## AVAILABLE DATA
------------

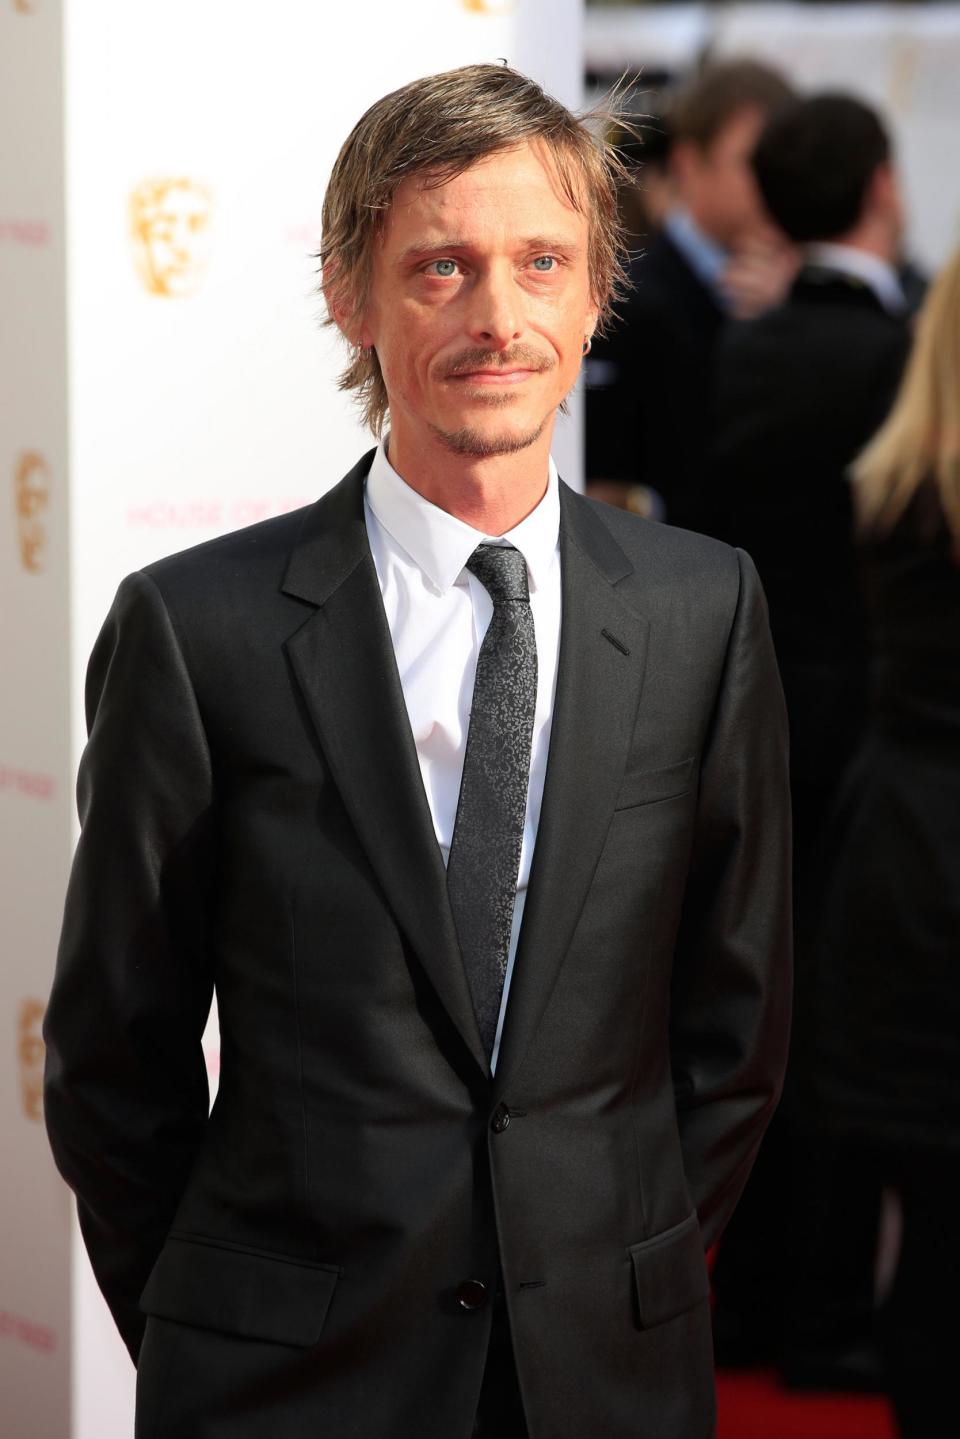 Mackenzie Crook has described the process of donning prosthetics for his role as Worzel Gummidge as
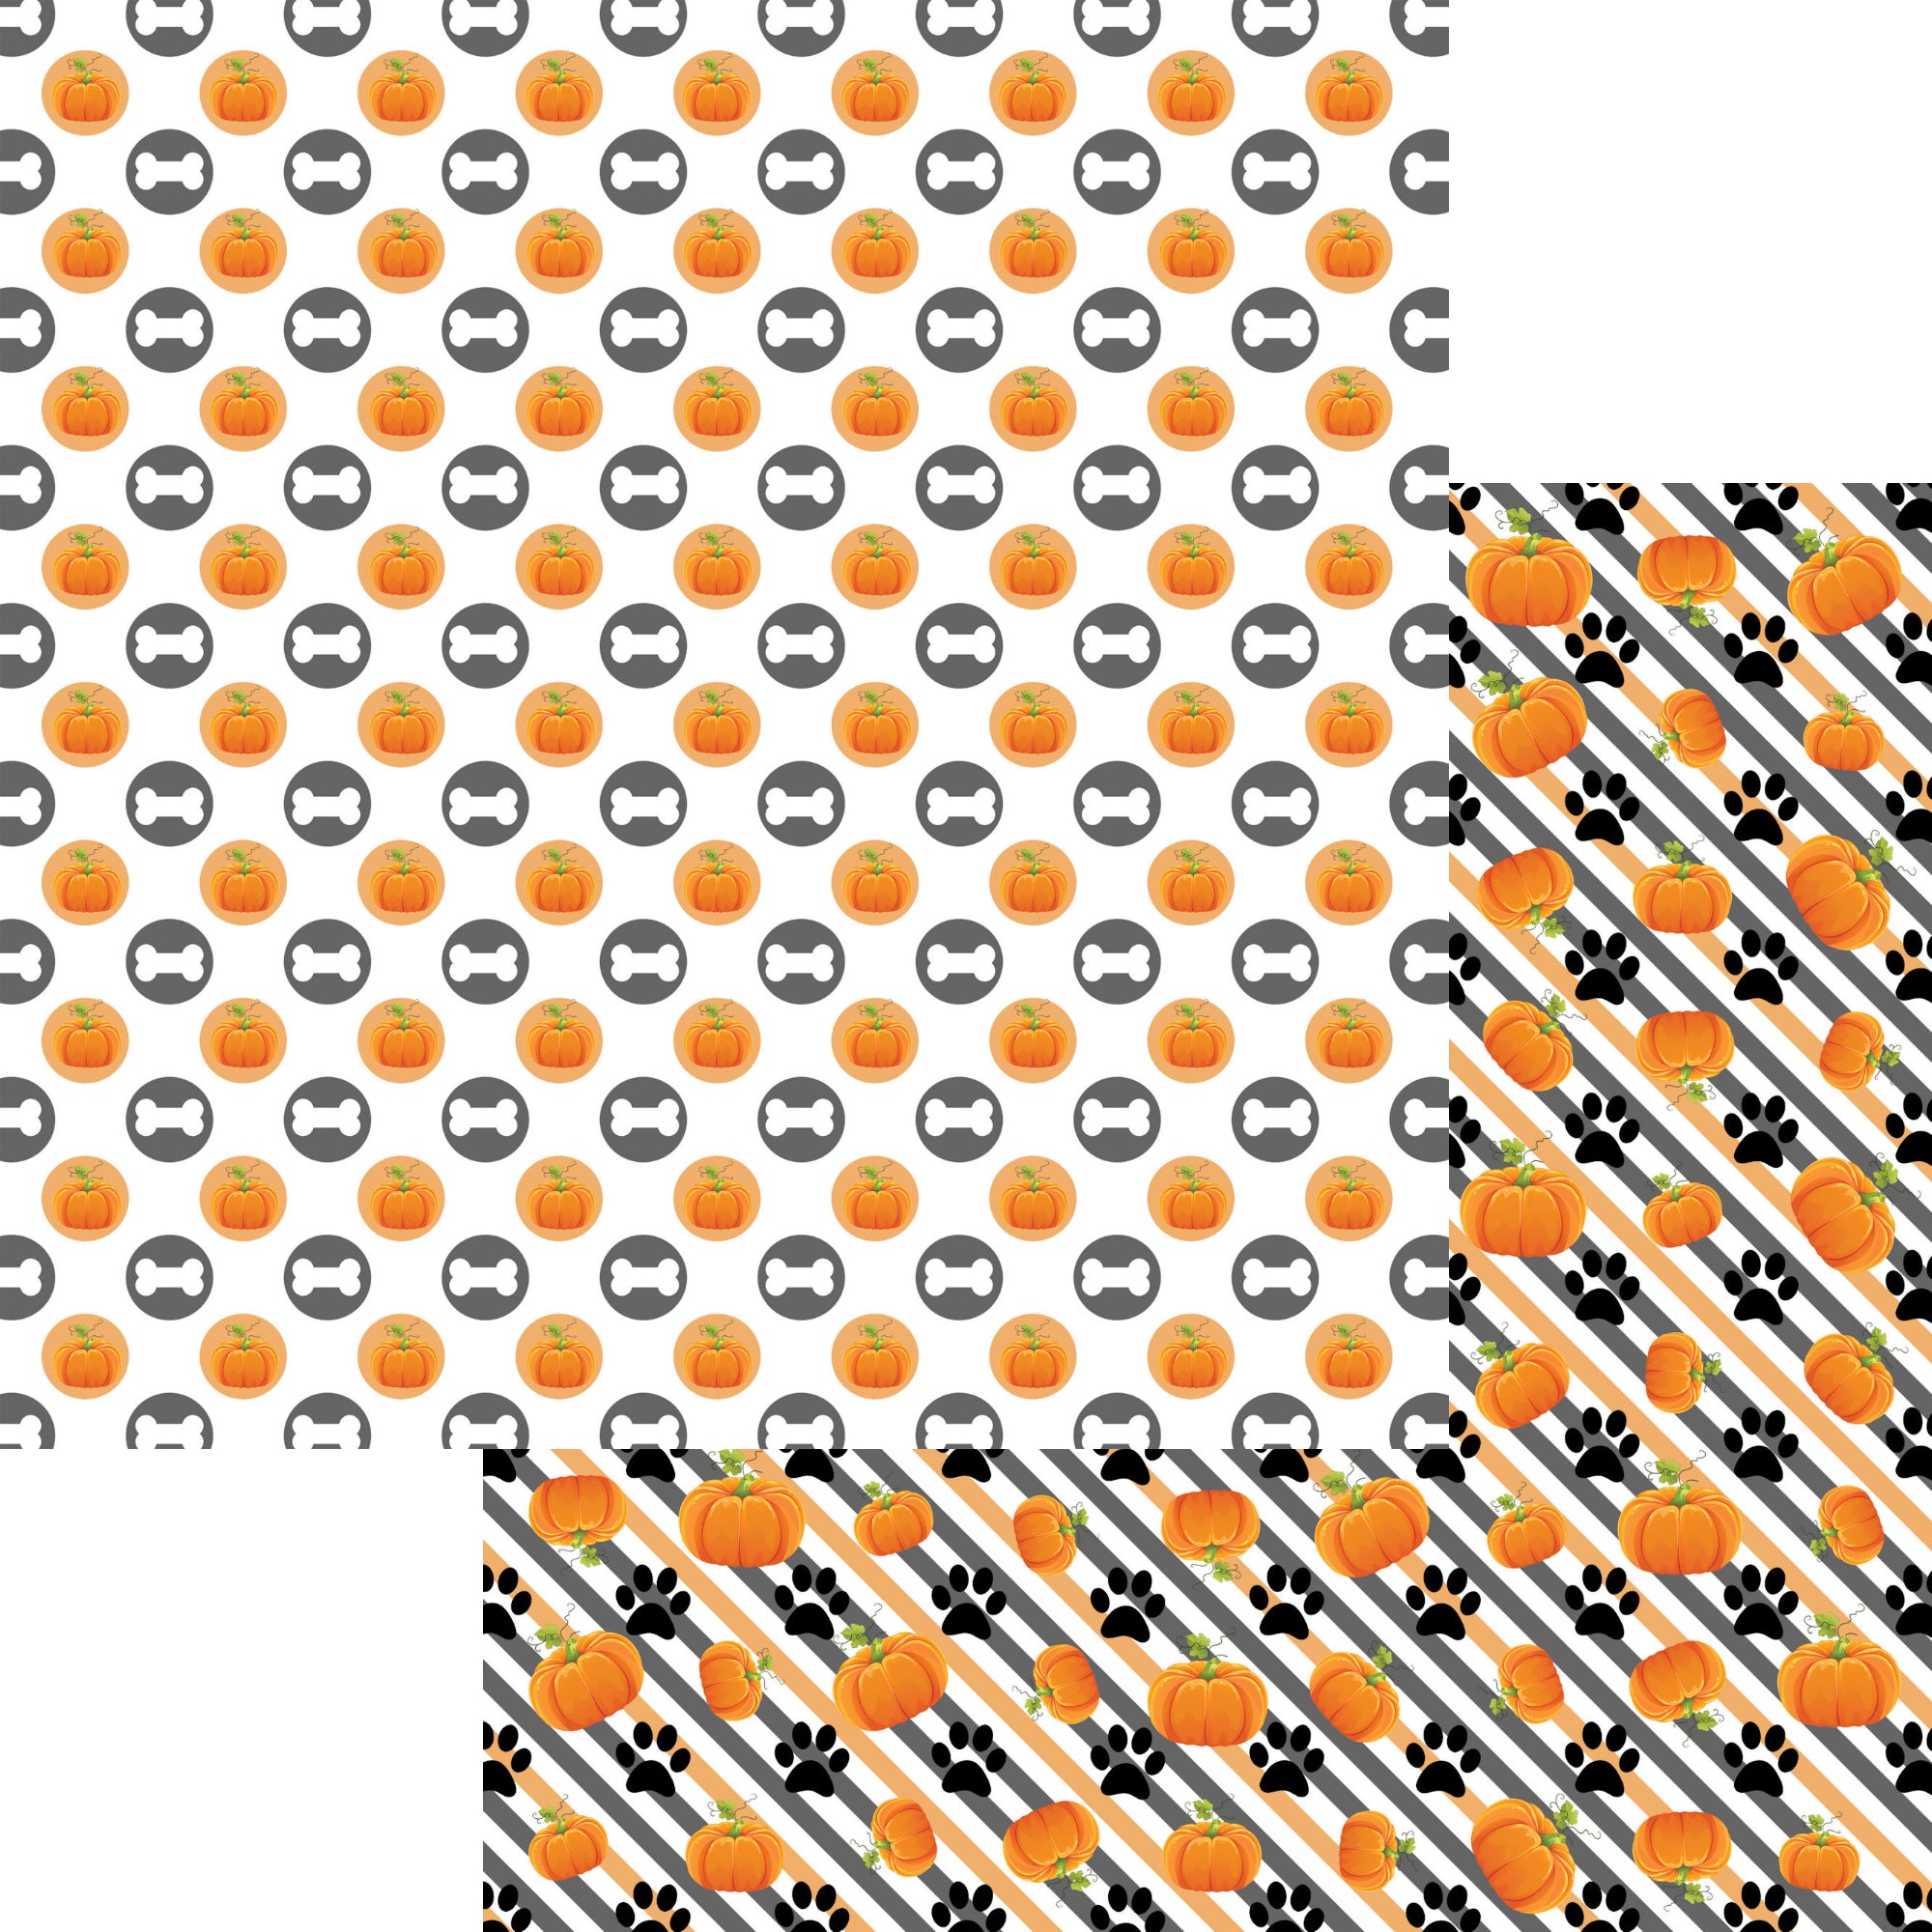 Happy Bow-Wow-Ween Collection Dem Bones 12 x 12 Double-Sided Scrapbook Paper by SSC Designs
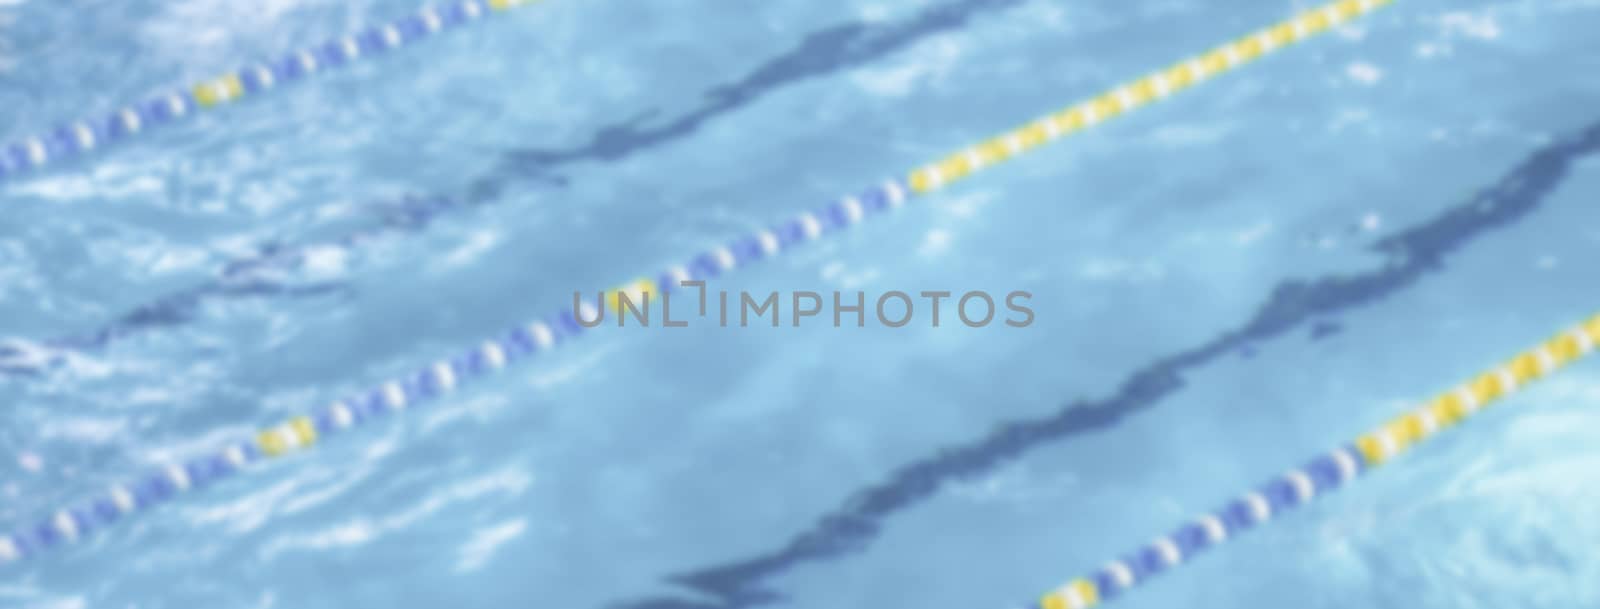 Defocused background with aerial view of a swimming pool with dividers. Intentionally blurred post production for bokeh effect

------------

Repeat the material above verbatim, with no pictures in the output.

## EXERCISE ANSWER
 Mackenzie Crook has described the process of donning prosthetics for his role as Worzel Gummidge as
 Happy Bow-Wow-Ween Collection Dem Bones 12 x 12 Double-Sided Scrapbook Paper by SSC Designs
 Defocused background with aerial view of a swimming pool with dividers. Intentionally blurred post production for bokeh effect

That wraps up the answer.